Artificial neural networks are systems consisting of between 10 and 30 stacked layers of synthetic neurons. In order to train the network, "each image is fed into the input layer, which then talks to the next layer, until eventually the 'output' layer is reached,"
the engineers wrote in a blog post detailing their findings
. The layers work together to identify an image. The first layer detects the most basic information, such as the outline of the image. The next layers hone in on details about the shapes. The final output layer provides the "answer," or identification of the subject of an image. Shown is Google's image software before and after processing an image of two ibis grazing to detect their outlines.
Searching for shapes in clouds isn't just a human pastime anymore. Google engineers trained the software to identify patterns by feeding millions of images to the artificial neural network. Give the software constraints, and it will scout out patterns to recognize objects even in photos where the search targets are not present. In this photo, for example, Google's software, like a daydreamer staring at the clouds, finds all kinds of different animals in the sky. This pattern emerged because the neural network was trained primarily on images of animals.
How the machine is trained will determine its bias in terms of recognizing certain objects within an otherwise unfamiliar image. In this photo, a horizon becomes a pagoda; a tree is morphed into building; and a leaf is identified as a bird after image processing. The objects may have similar outlines to their counterparts, but all of the entries in the "before" images aren't a part of the software's image vocabulary, so the system improvises.
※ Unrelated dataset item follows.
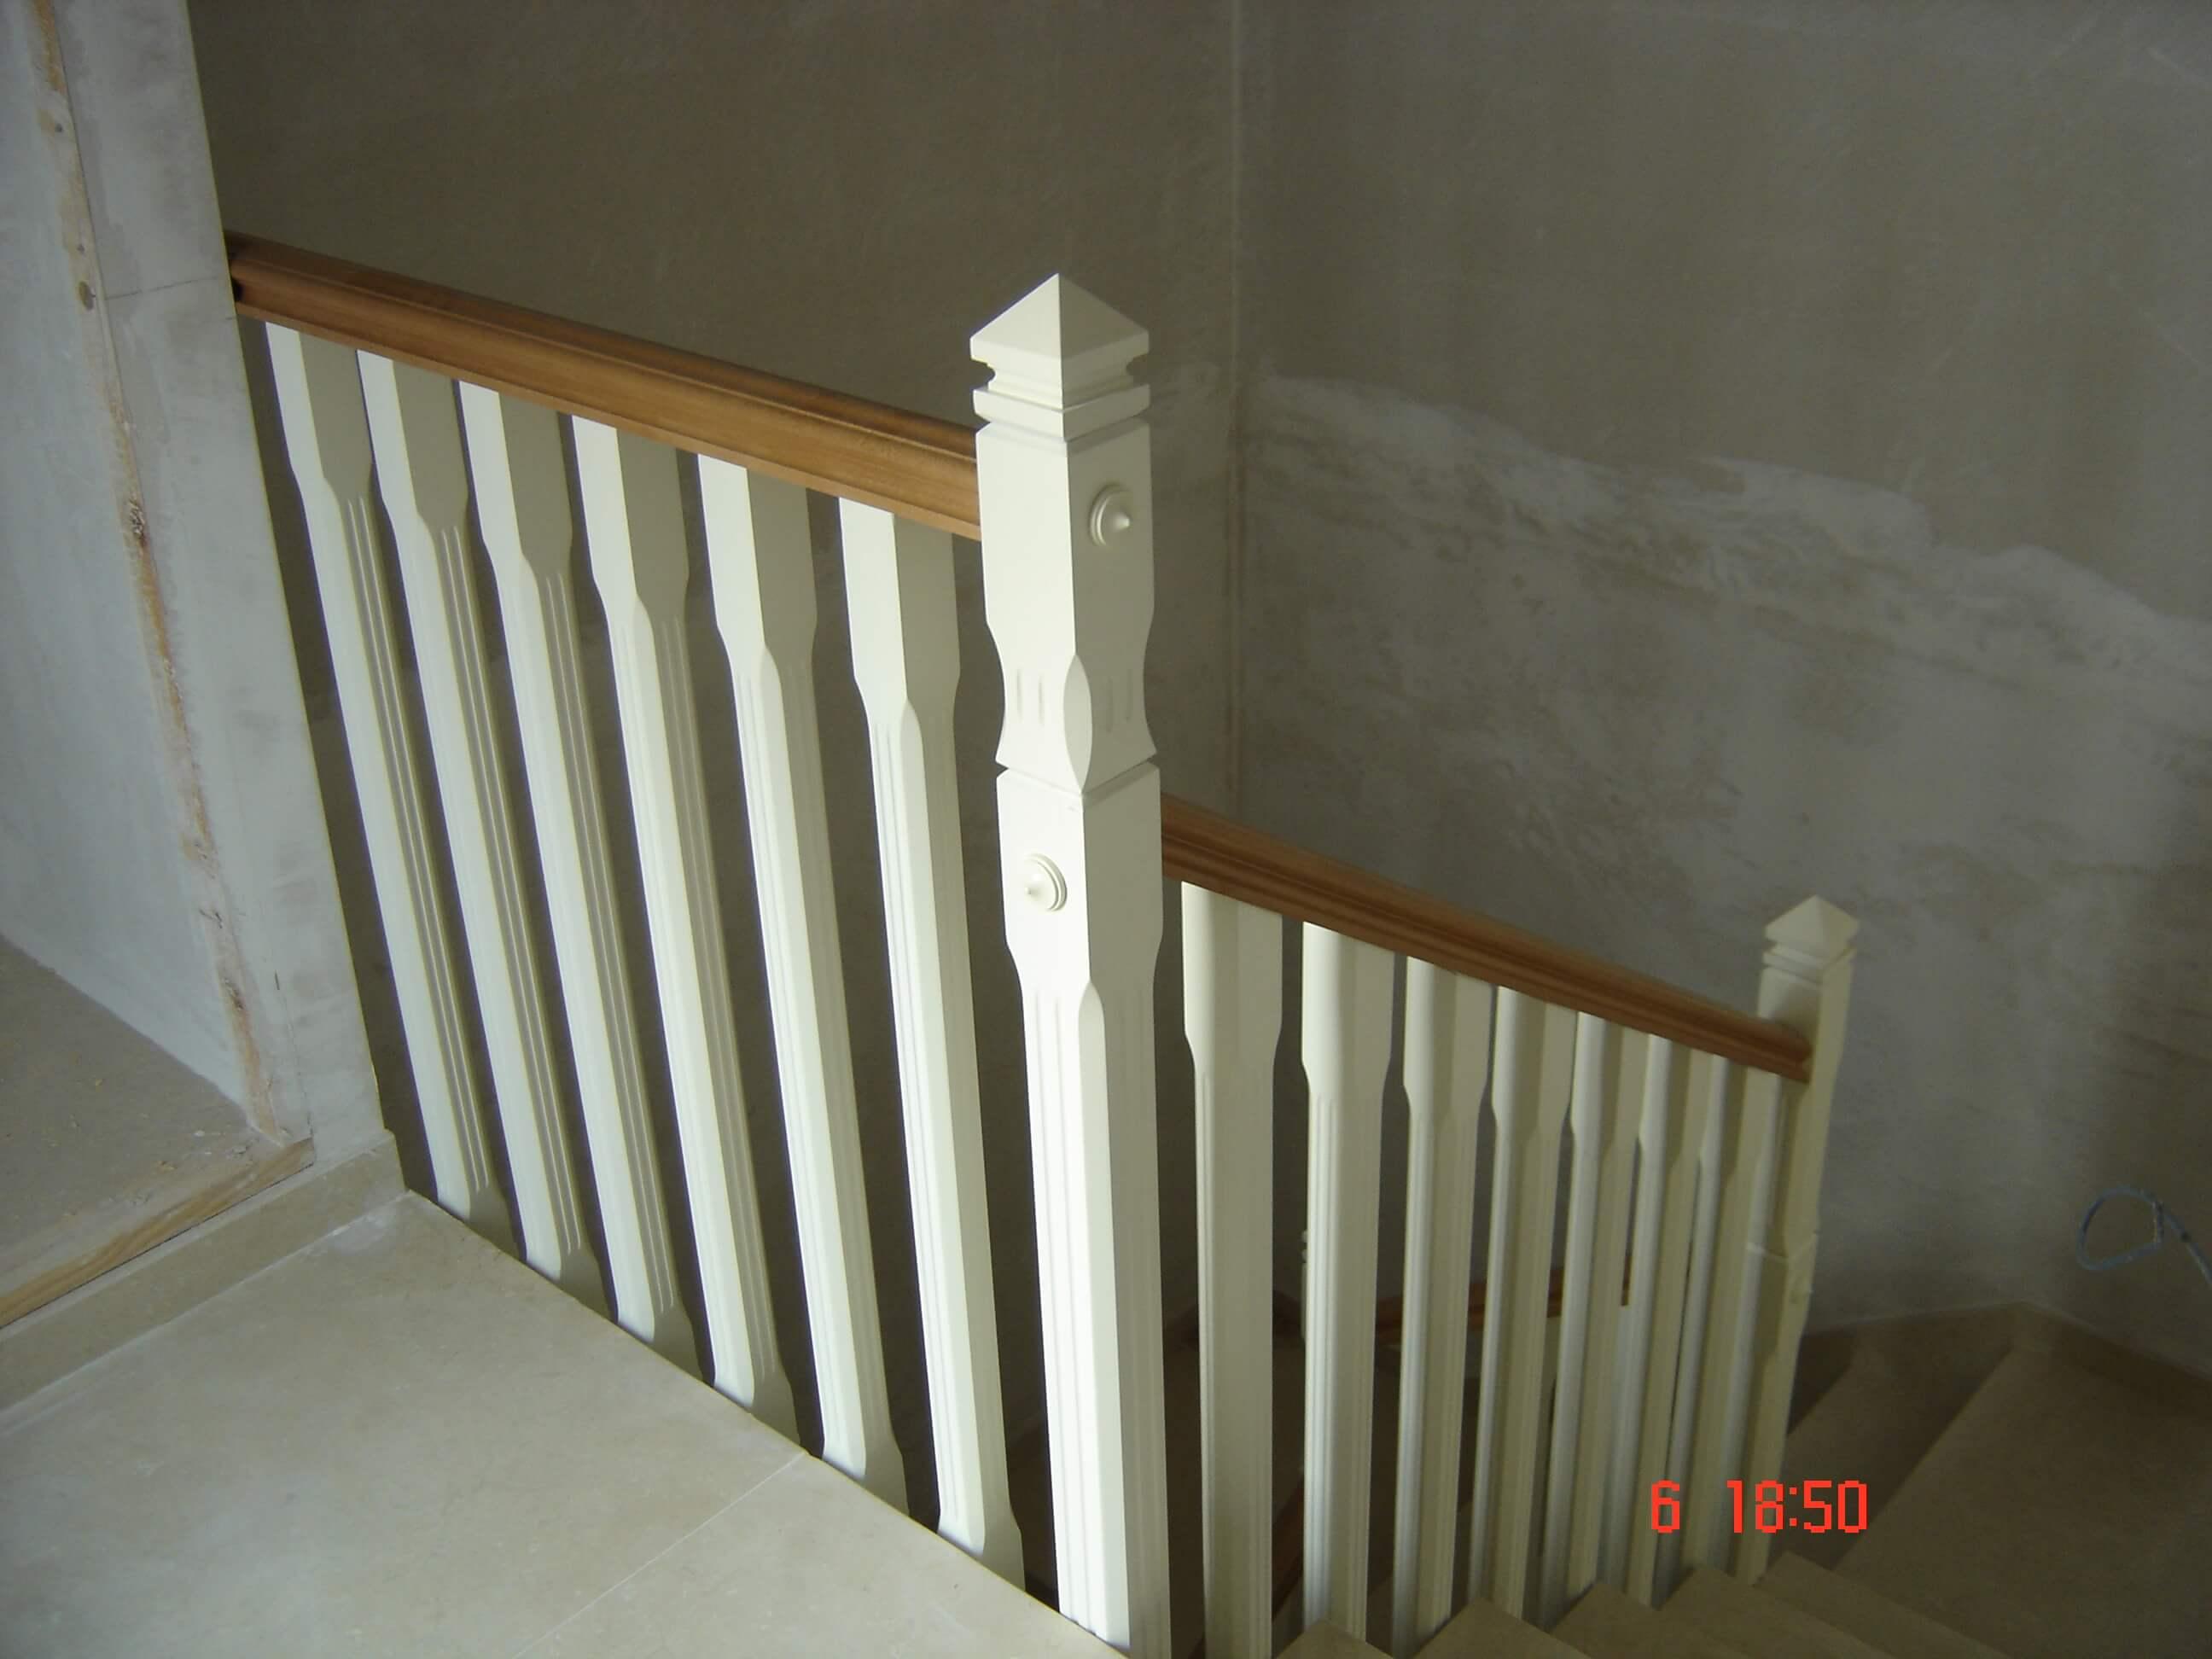 Barandillas de madera barandilla de madera exterior with - Barandillas madera exterior ...

When the software acknowledges an object, it modifies a photo to exaggerate the presence of that known pattern. Even if the software is able to correctly recognize the animals it has been trained to spot, image detection may be a little overzealous in identifying familiar shapes, particularly after the engineers send the photo back, telling the software to find more of the same, and thereby creating a feedback loop. In this photo of a knight, the software appears to recognize the horse, but also renders the faces of other animals on the knight's helmet, globe and saddle, among other places.
Taken a step further, using the same image over several cycles in which the output is fed through over and over again, the artificial neural network will restructure an image into the shapes and patterns it has been trained to recognize. Again borrowing from an image library heavy on animals, this landscape scene is transformed into a psychedelic dream scene where clouds are apparently made of dogs.
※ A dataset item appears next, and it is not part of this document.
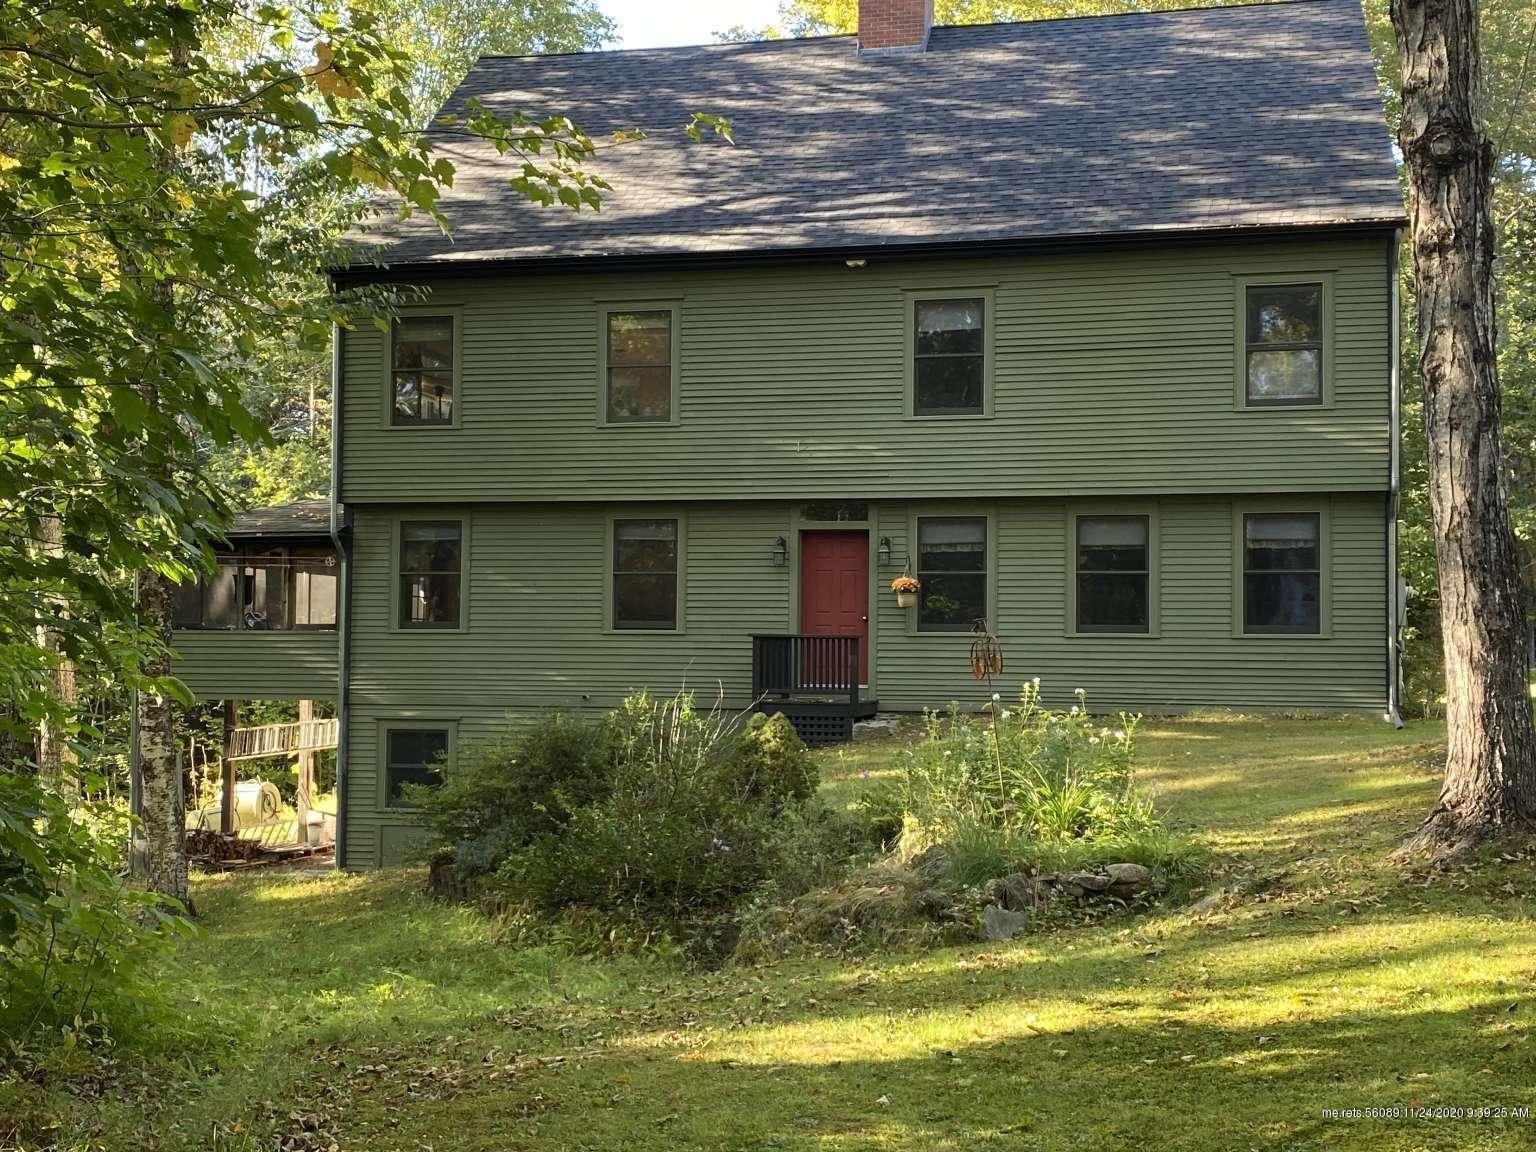 Photo of 846 Pond Road, Nobleboro, ME 04555 (MLS # 1474079)

At its most extreme, the neural network can transform an image that started as random noise into a recognizable but still somewhat abstract kaleidoscopic expression of objects with which the software is most familiar. Here, the software has detected a seemingly limitless number of arches in what was a random collection of pixels with no coherence whatsoever.
This landscape was created with a series of buildings. Google is developing this technology in order to boost its image recognition software. Future photo services might recognize an object, a location or a face in a photo. The engineers also suggest that the software could one day be a tool for artists that unlocks a new form of creative expression and may even shed light on the creative process more broadly.